Note: By omitting the alteration of requested cpu-cores, runtime & memory you create a 'standard' job with 1 core, 2gb of memory and 3h run-time. These jobs can run on opportunistic quota and give you the good chance to get a lot of CPU-cycles that are currently not used by their respective owners ! 

Simple submit file

The submit file is the definition of your job, here is something very simple for a start:

Simple HTC submit file using AFS
Executable  = $ENV(HOME)/<path>/<to>/<your>/<executable>
Log         = $ENV(HOME)/log_$(Cluster)_$(Process).txt
Output      = $ENV(HOME)/out_$(Cluster)_$(Process).txt
Error       = $ENV(HOME)/error_$(Cluster)_$(Process).txt
Queue 1

Explained:

Executable = $ENV(HOME)/<path>/<to>/<your>/<executable>

Path to your executable that is supposed to run inside the job slot (hence it must have the 'x-bit' set).

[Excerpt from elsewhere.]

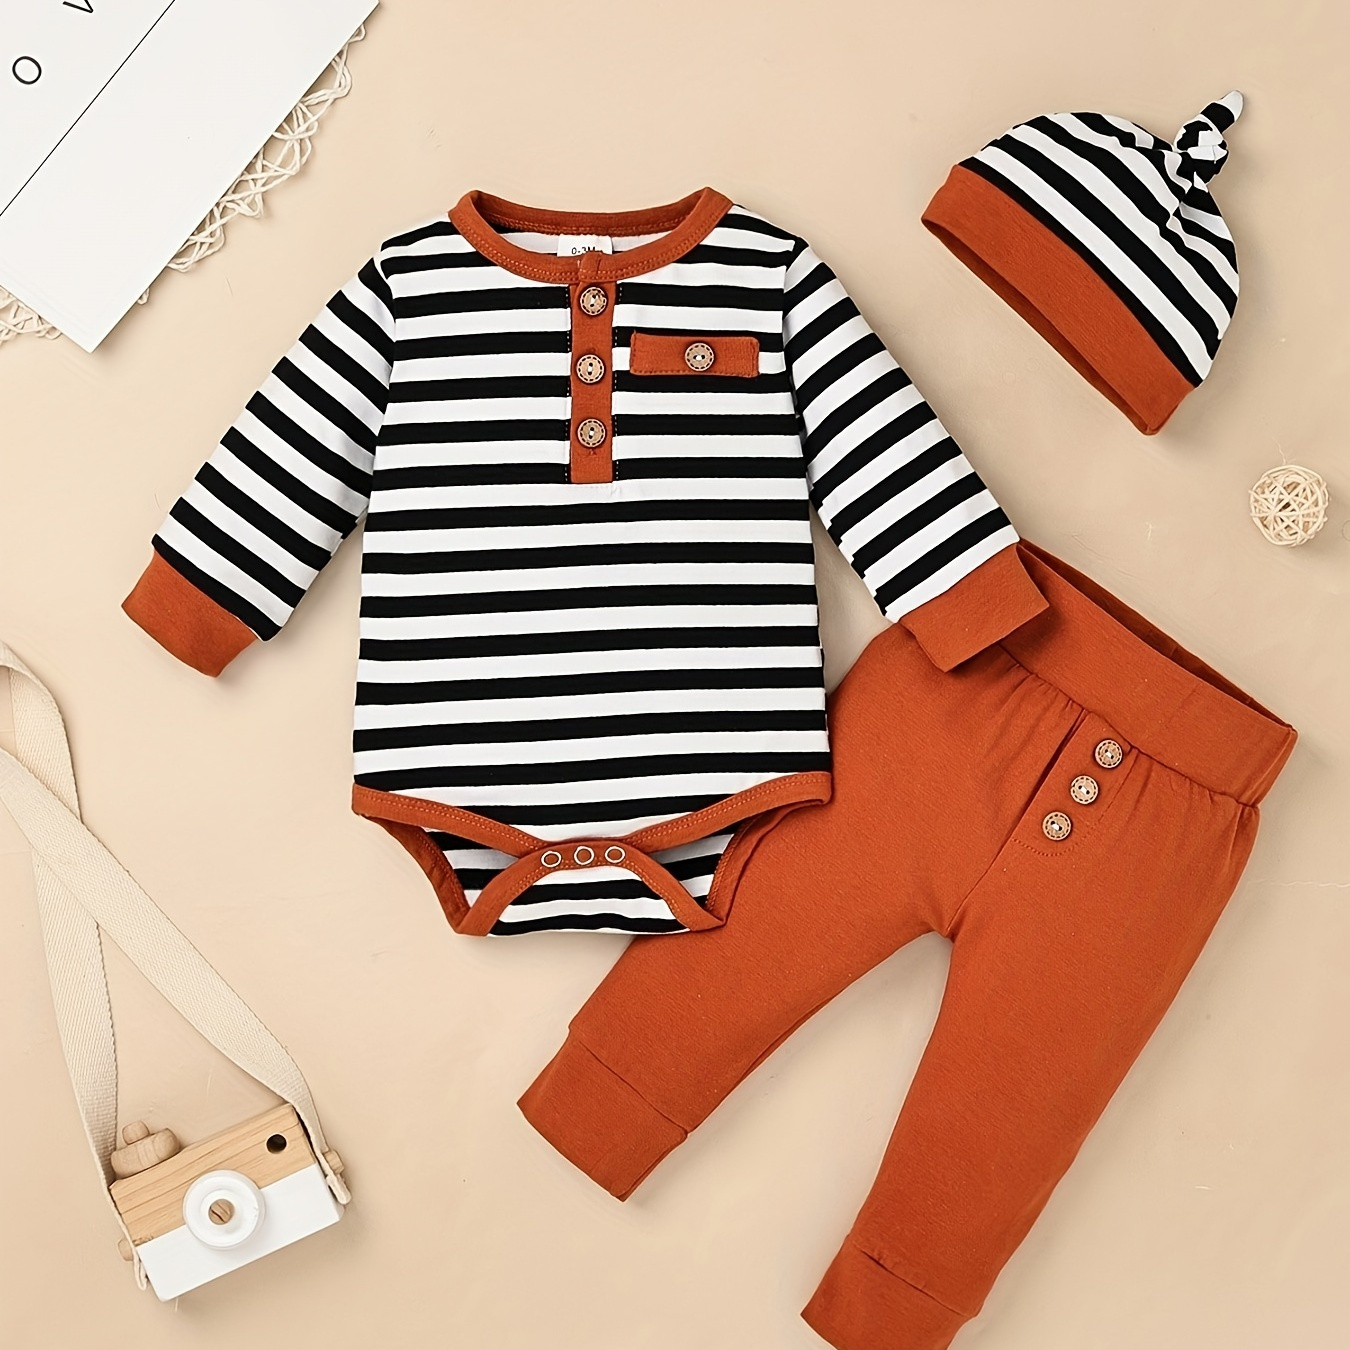 

Newborn Baby Boy Clothes Infant Long Sleeve Striped Romper Pants Hat 3pcs Set Fall Winter Outfits For 0-18months
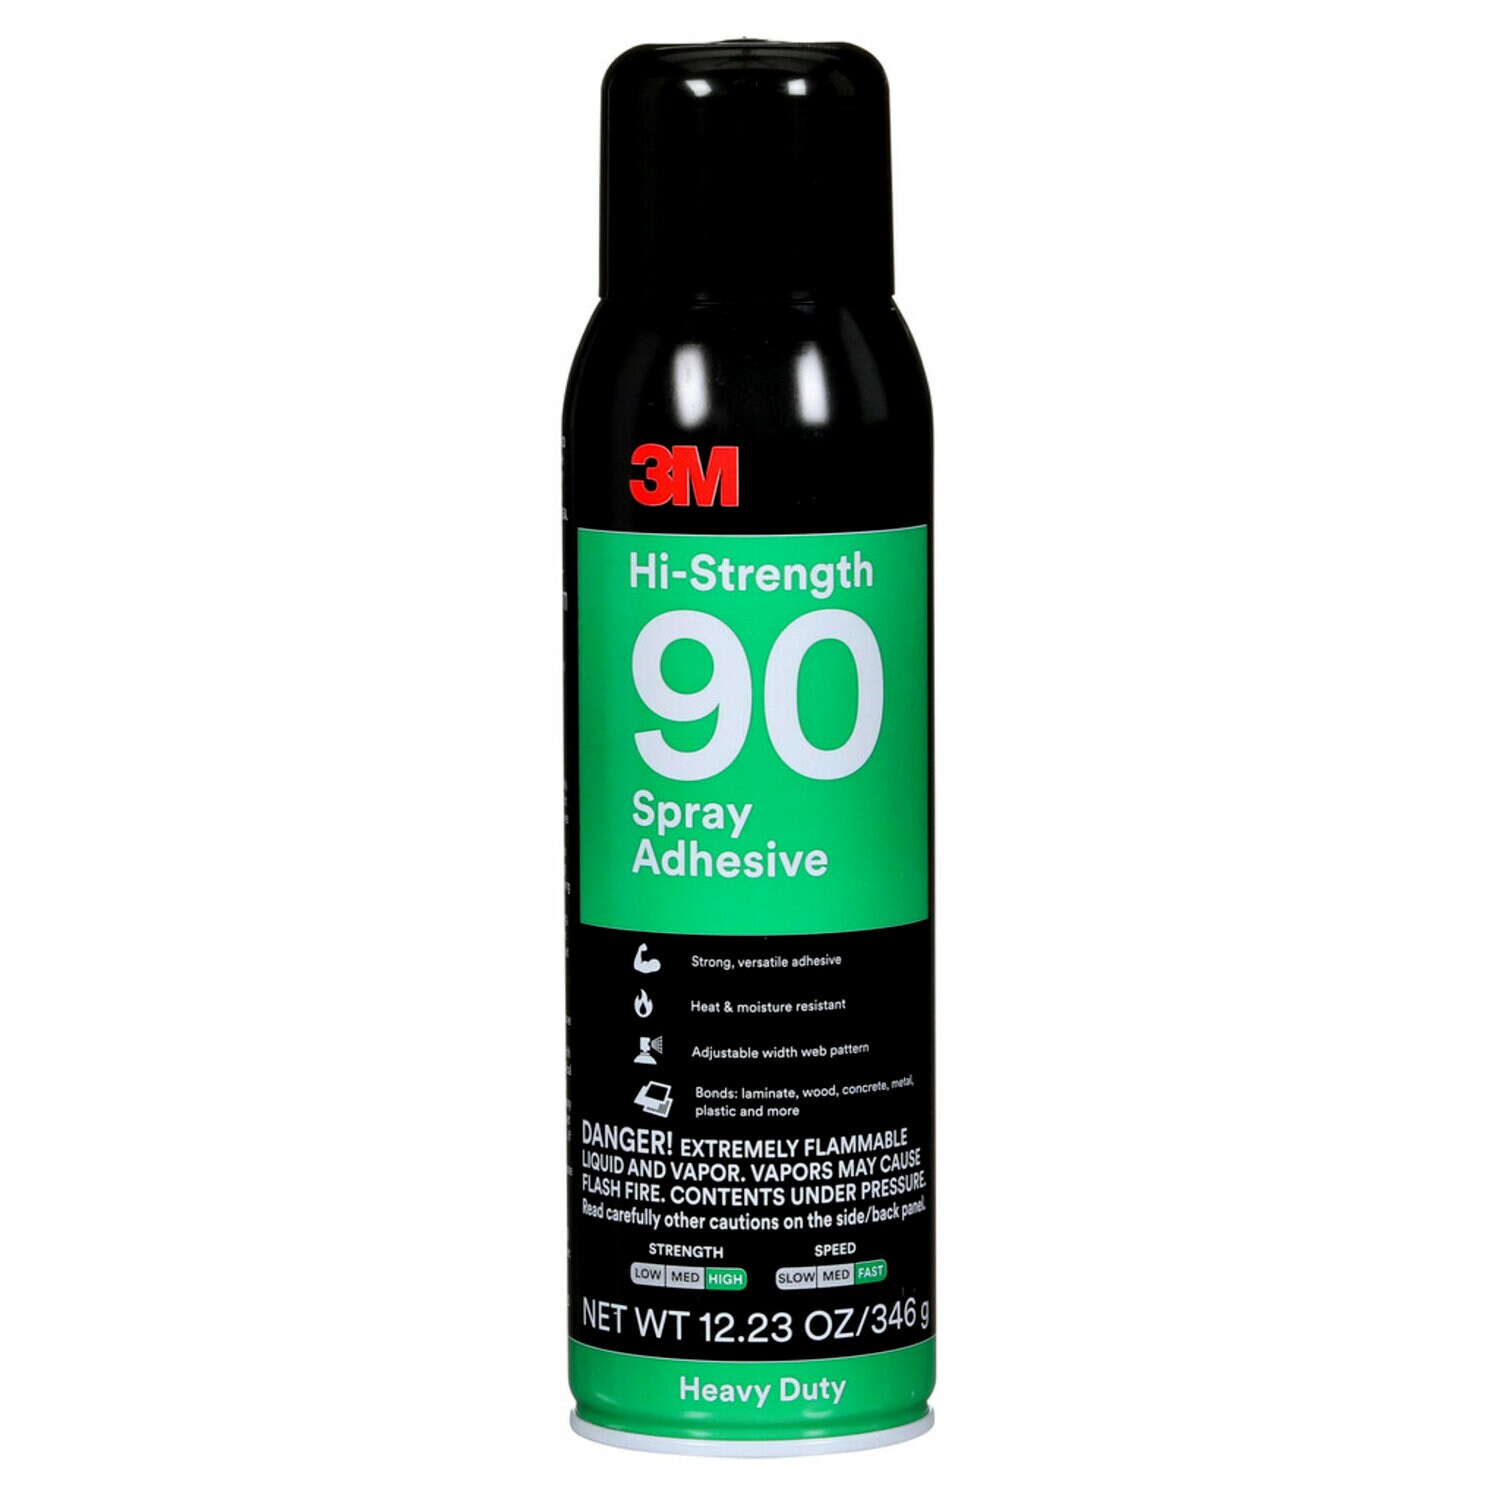 7010366483 - 3M Hi-Strength Spray Adhesive 90, Clear, 16 fl oz Can (Net Wt 12.23oz), 12/Case, NOT FOR SALE IN CA AND OTHER STATES

Of course it is wise to test the executable from the command line first on the submit host to make sure everything runs as expected. In the example the executable sits in AFS it could also be located on DUST or on your local disk. In the later case use :

Transfer_Executable = true

To make sure your executable gets transferred with your job !

Log = $ENV(HOME)/log_$(Cluster)_$(Process).txt

Path to your log file, the place were you can find information about the jobs lifetime. The log file gets appended, hence gets very big after a while, therefore in the example '$(Cluster)_$(Process)' will be expanded to the cluster and jobID resulting in one log file per job. 

If you omit the absolute path to the log file it will show up in the actual directory where the submit took place.

Remember: while the batchsystem is happy to create files for you it will never create a missing directory instead the job will go into 'hold' state and not run.

Error = $ENV(HOME)/error_$(Cluster)_$(Process).txt

Path to your error file, the place were you can find information about the things that went wrong during the jobs lifetime. '$(Cluster)_$(Process)' will be expanded to the cluster and job id resulting in one error file per job.

If you omit the absolute path to the log file it will show up in the actual directory where the submit took place.

Remember: while the batch system is happy to create files for you it will never create a missing directory instead the job will go into 'hold' state and not run.

Queue 1

The 'Queue' command is a powerful way to create array jobs instead of looping inside a script and create single jobs. In the example it just creates one job. See More sophisticated job submit file examples for proper usage of the flexibility of 'queue' !